I hadn’t even seen them go. Too busy with my stories and my deception. Bad mother.
Bad
mother. Molly waved at me from the top of the slide and then pushed off, squealing all the way to the bottom.
‘God,’ I said, waving back, trying to smile. ‘I wasn’t even looking.’
Anna gave me a sideways glance. ‘Don’t worry,’ she said. ‘I was.’
Hiya Dan,
I reckon it’ll go in a week. Quality album, that. Any longer and you’ve priced it too high.
A pint at the end of March sounds great. I’ve got a lot on with work again this month, but hopefully I’ll be able to get out of some of it, and meet you. Give my love and happy returns to your mum.
Sadie x
Danny’s mum had always adored me. She had ambushed me on the High Street one day, not long after Danny had dumped me, clasped me to her hard, high bosom with a squeezing hug, and told me, ‘My son is an idiot, and I’ve told him as much, Sadie. I am so sorry.’
I had dissolved into tears and we’d stood there, clasped together outside Marks and Spencer, as I dripped snot and tears on her flowered polyester chest. That had been the last time I had seen her.

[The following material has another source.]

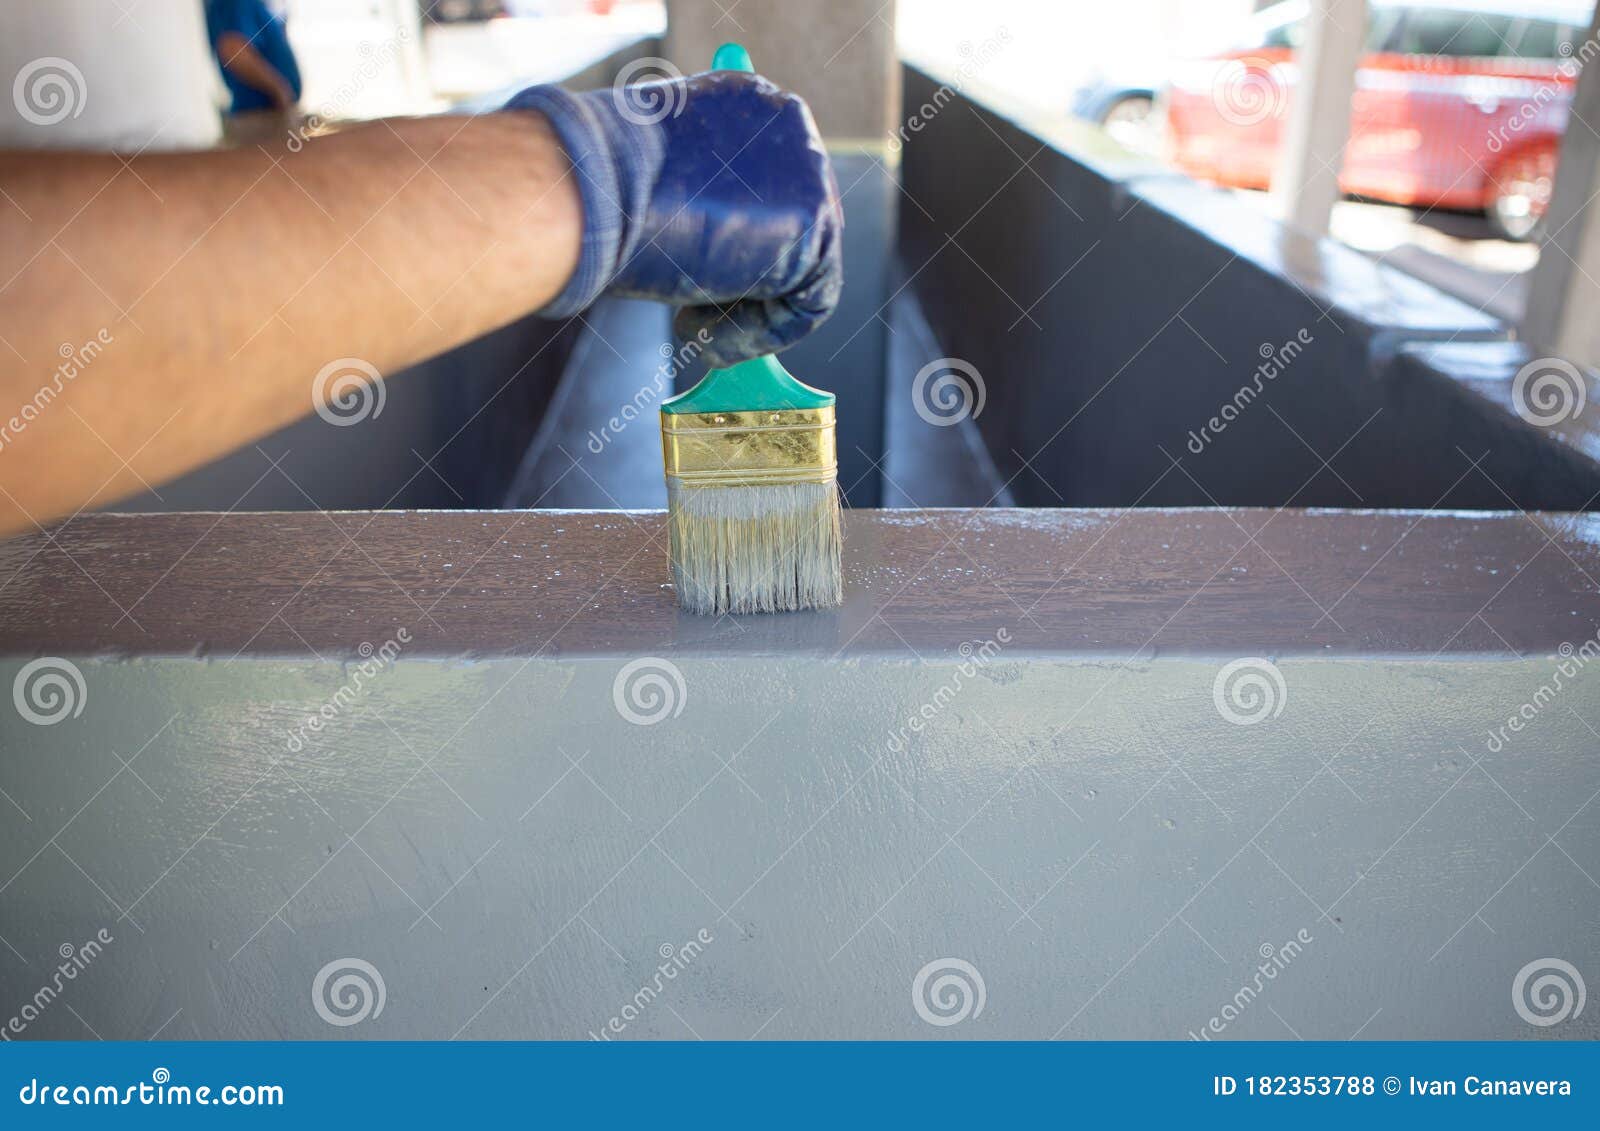 man using a brush to paint a swimming pool

Still, I wasn’t quite sure she would love me so much if she could see me now, nursing a vodka in the Albert, waiting to meet Mark. The other man. Wouldn’t have liked that one bit.
I shoved Mrs Cooper out of my head, ordered her to leave the pub at once. No point getting the guilts now. I was here, same table as last time, watching for the door to swing open and Mark to appear. Mark. Who, as of this evening, was going to be my lover. Maybe. Probably. The thought made me feel sick with nerves, half-frightened, half-euphoric. What I was doing was wrong. I knew that. But it was like the man had said himself – it was too late to stop.

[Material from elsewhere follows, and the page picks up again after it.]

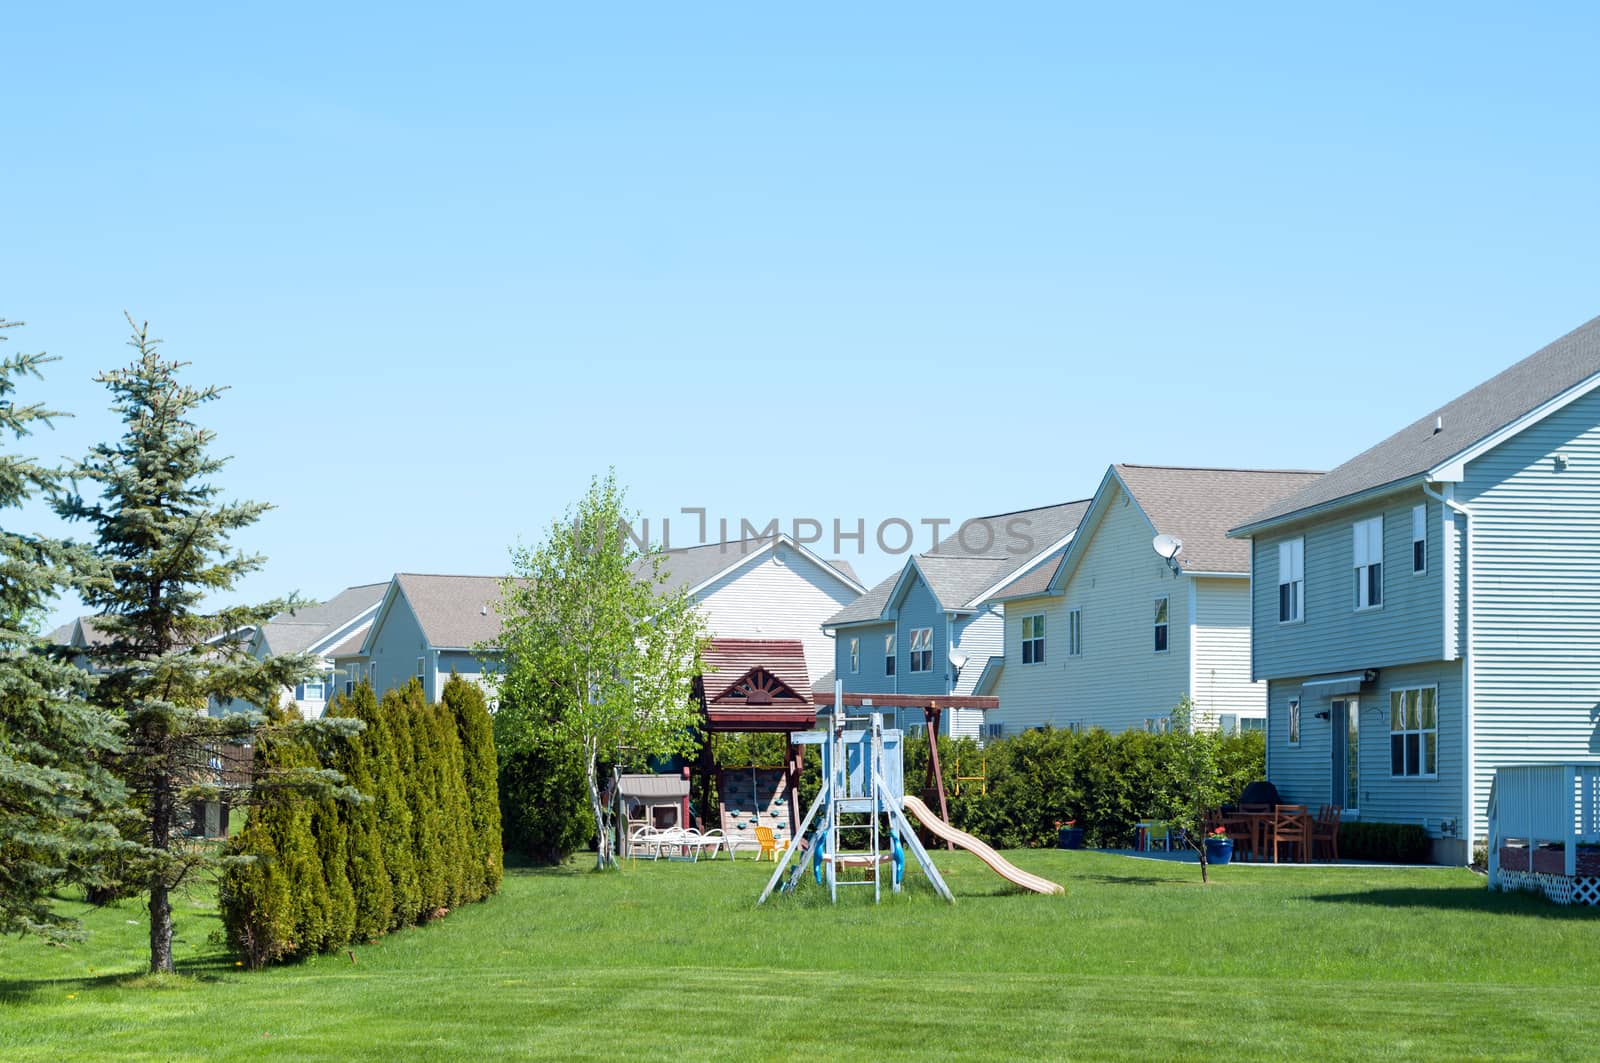 A typical American backyard with child playground during a sunny day

My heart started to thud as I saw the door pushed open. And then he was there, eyes straight over to the table and me, mouth curling in satisfaction. He strode over. My hands were trembling.
‘You came,’ he said.
He bent down and kissed my mouth, steadied himself with a hand on my back.
I kissed him back, eyes closed blindly against the rest of the pub, ears deaf to the jukebox. My nerves vanished as my pulse quickened. This was right. Sod everyone else. This was right, me and Mark. This was good.
He pulled away eventually, looked at me. Grinned. ‘Do you always wear that to go running?’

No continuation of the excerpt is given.